Scritti a Marsiglia dal novembre 1941 all’inizio del 1942, i quaderni quinto, sesto, settimo, sono contenuti in questo volume. Periodo dunque brevissimo, dove tanto più prodigiosa appare la concentrazione e l’intensità del pensiero di Simone Weil.
Qui si direbbe che venga trasposta in regola di vita metafisica quella abitudine che è tipica degli allievi della École Normale (come Simone stessa era stata): studiare pochi testi, ma tentando di derivarne le conseguenze più ramificate, più vaste e più decisive.

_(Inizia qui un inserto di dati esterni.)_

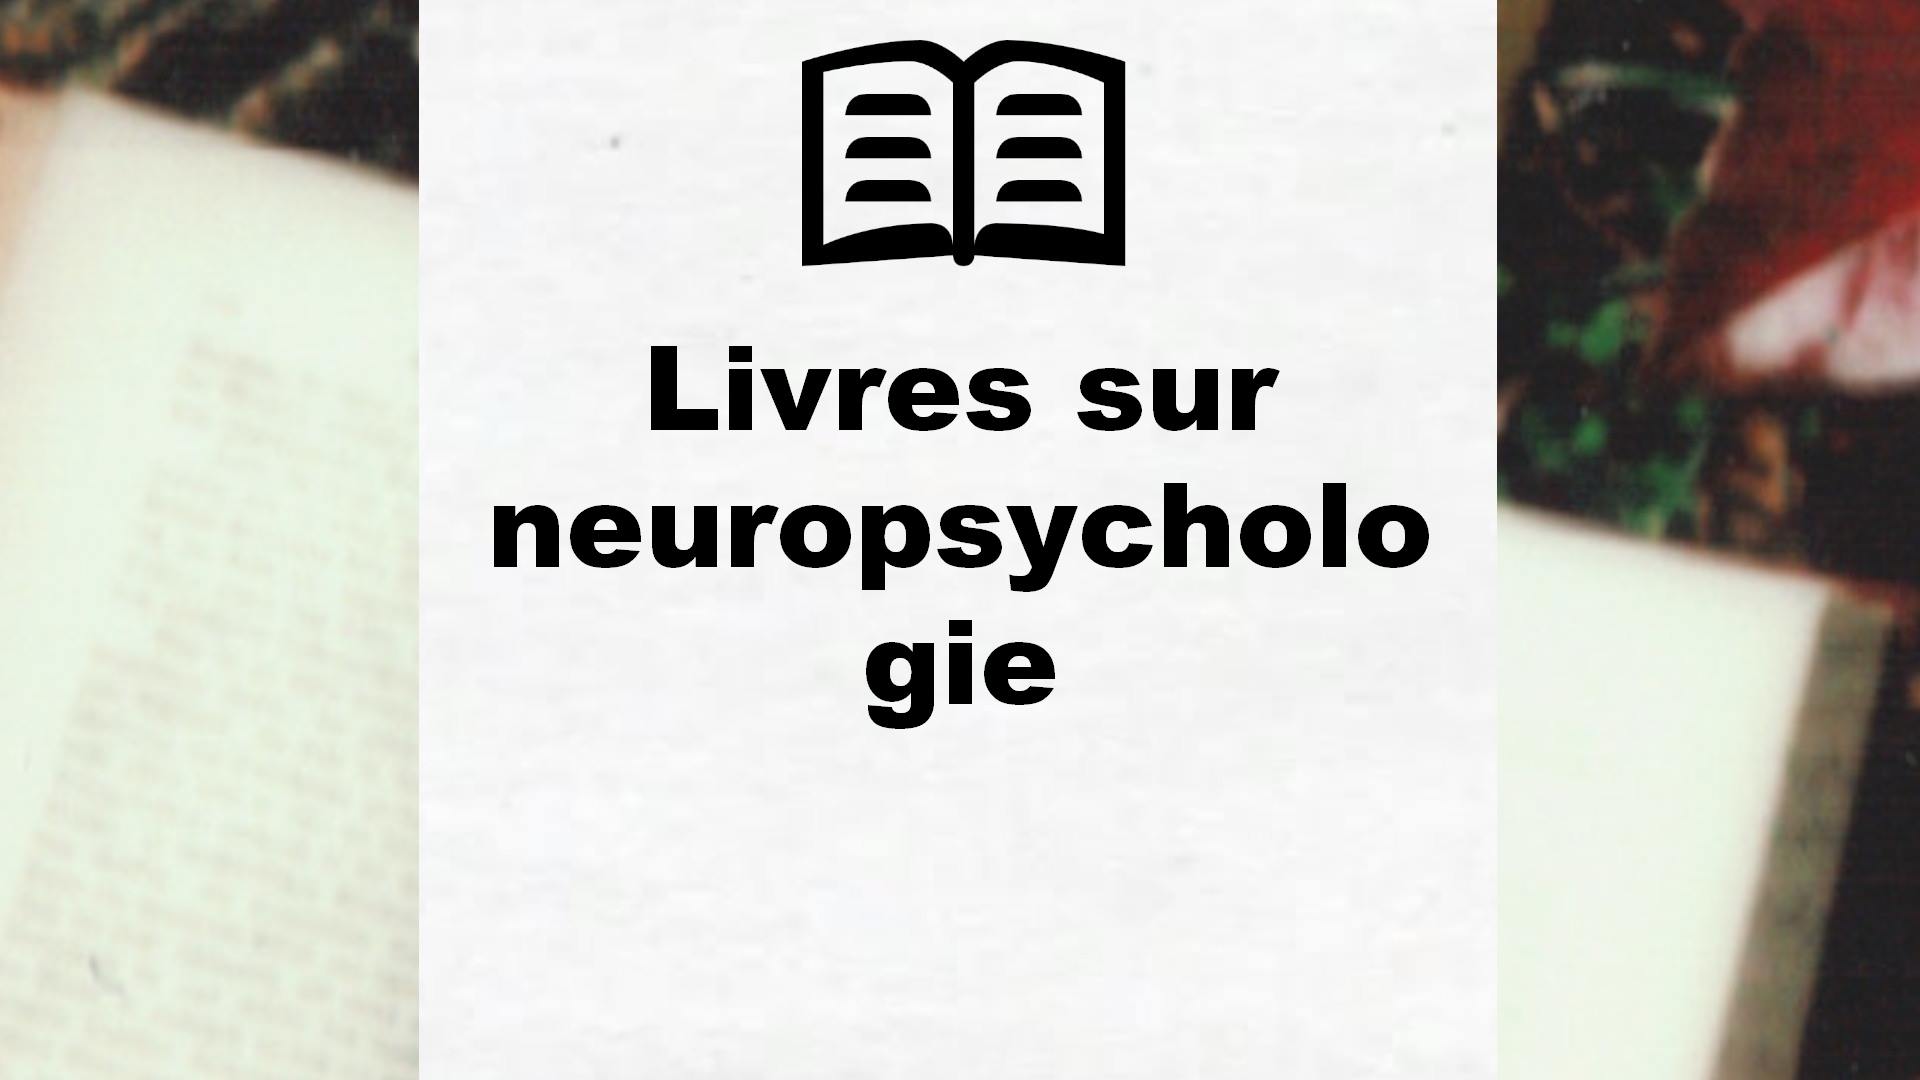 Livres sur neuropsychologie

E proprio in questi mesi vengono a giustapporsi, per la Weil, a quelli greci antichi alcuni testi della tradizione indù, che prendono posto fra quelli per lei essenziali: innanzitutto la Bhagavad Gita e le Upanisad, che ella cominciava allora a leggere nell’originale, dopo essere stata iniziata allo studio del sanscrito da René Daumal agli inizi del 1941. Tra i Vangeli, la Gita e i greci antichi si viene così a creare una triangolazione abbagliante.

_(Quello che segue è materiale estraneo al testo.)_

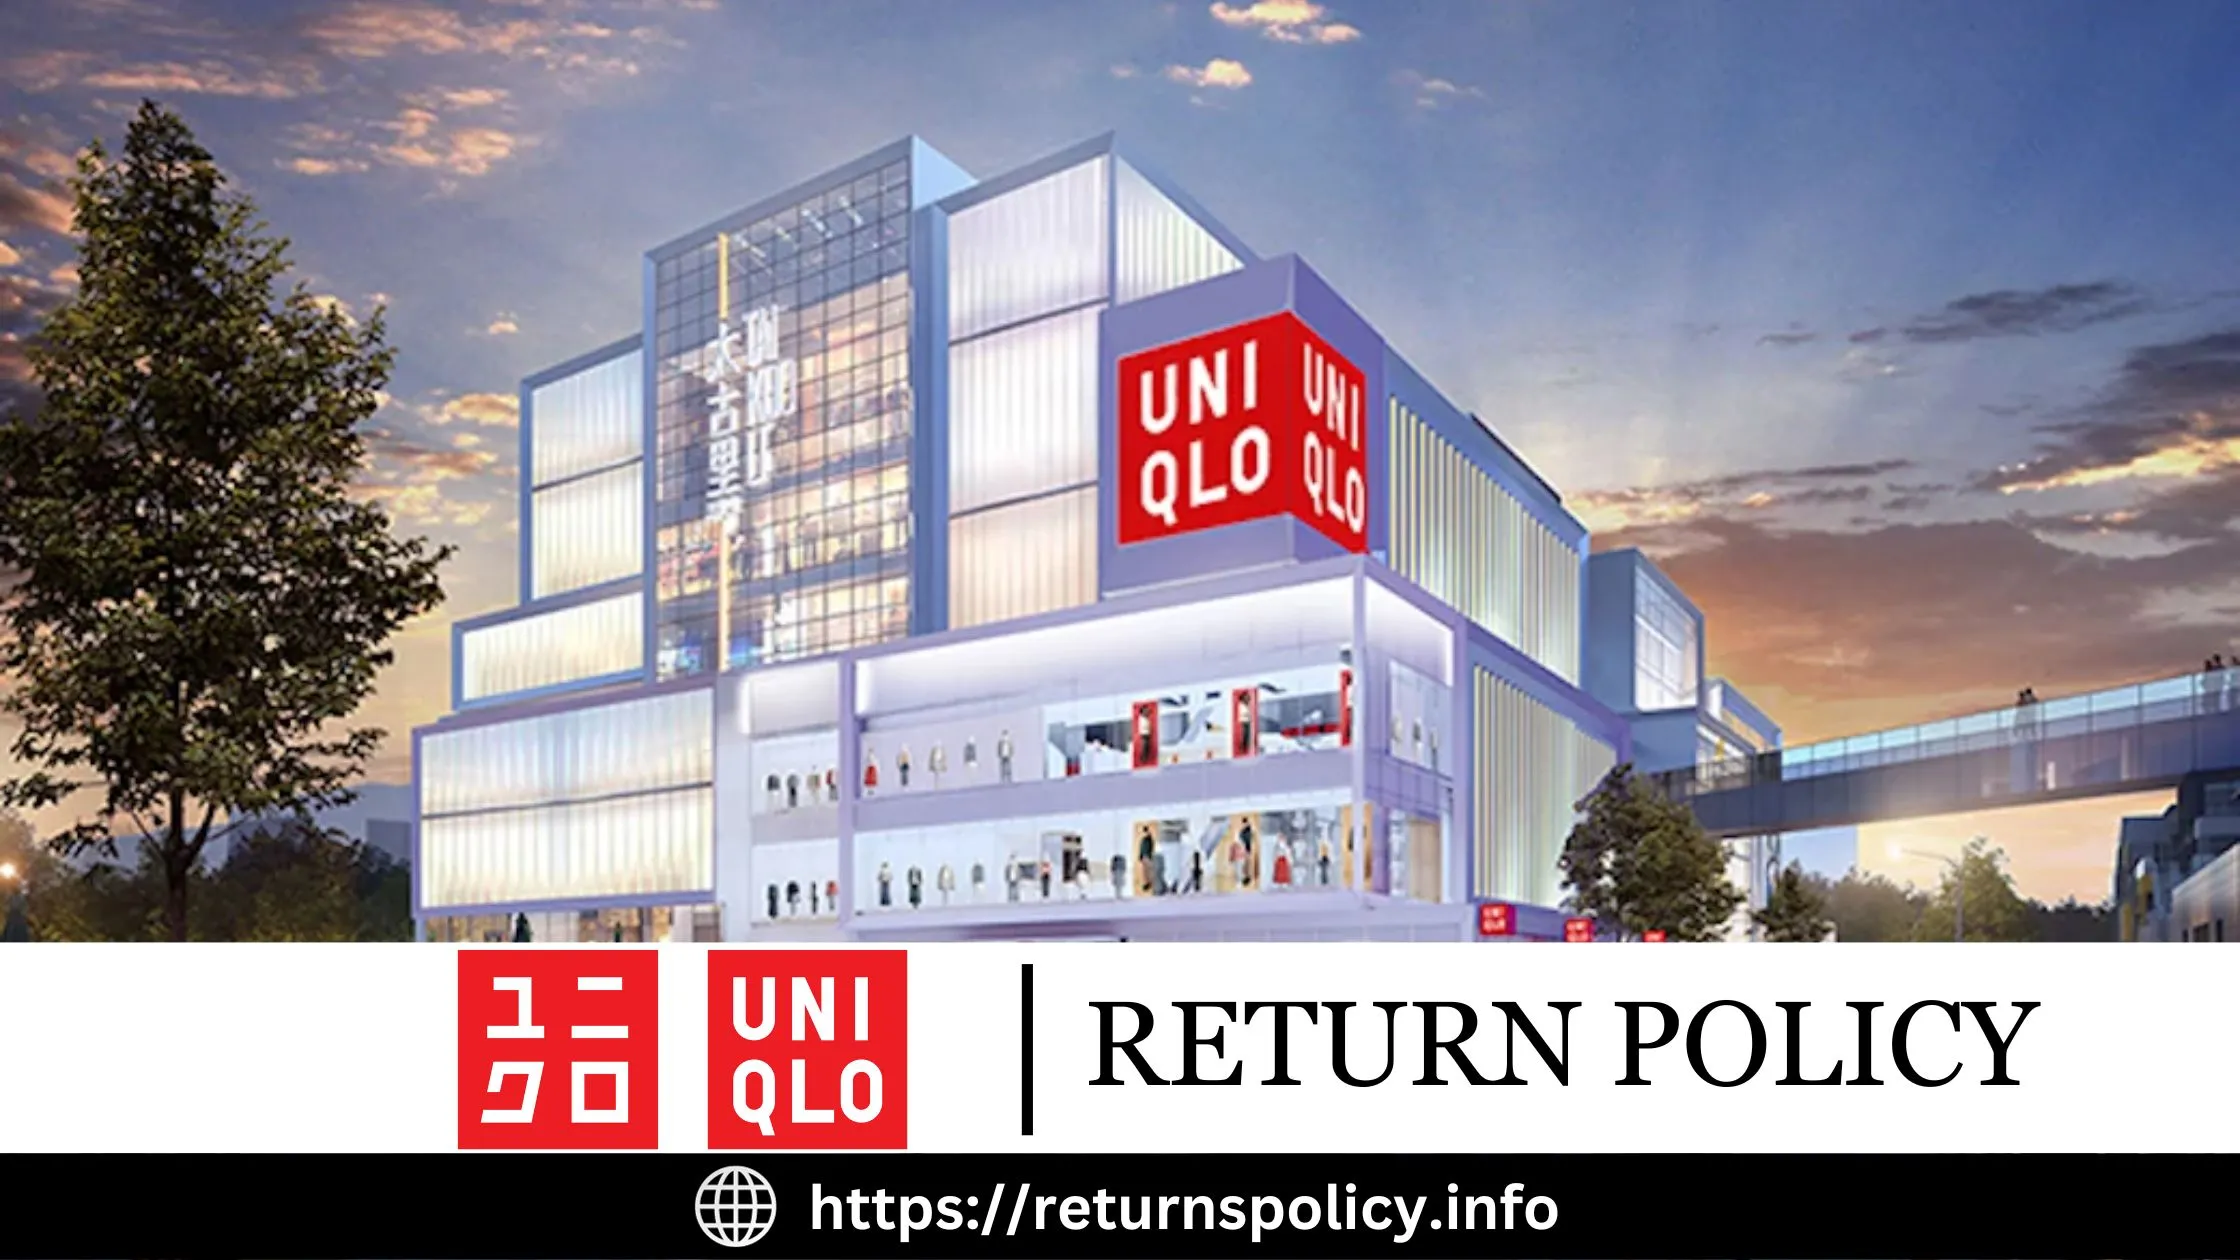 Uniqlo Return Policy

Al di là di essa, percepiamo un azzardo peculiare di Simone Weil: tentare di fissare una fisica del soprannaturale, che trasponga le nozioni di leva, forza, limite, equilibrio, gravità, livello, ecc., in un altro ambito, quello di cui meno sappiamo e da cui dipende ogni attimo della nostra vita.
Ed è solo la grazia di un rigoroso pensiero analogico a permetterci di procedere, come in queste pagine, verso quella «linea d’ombra» di ogni pensiero che è la giuntura dello spirito con la materia.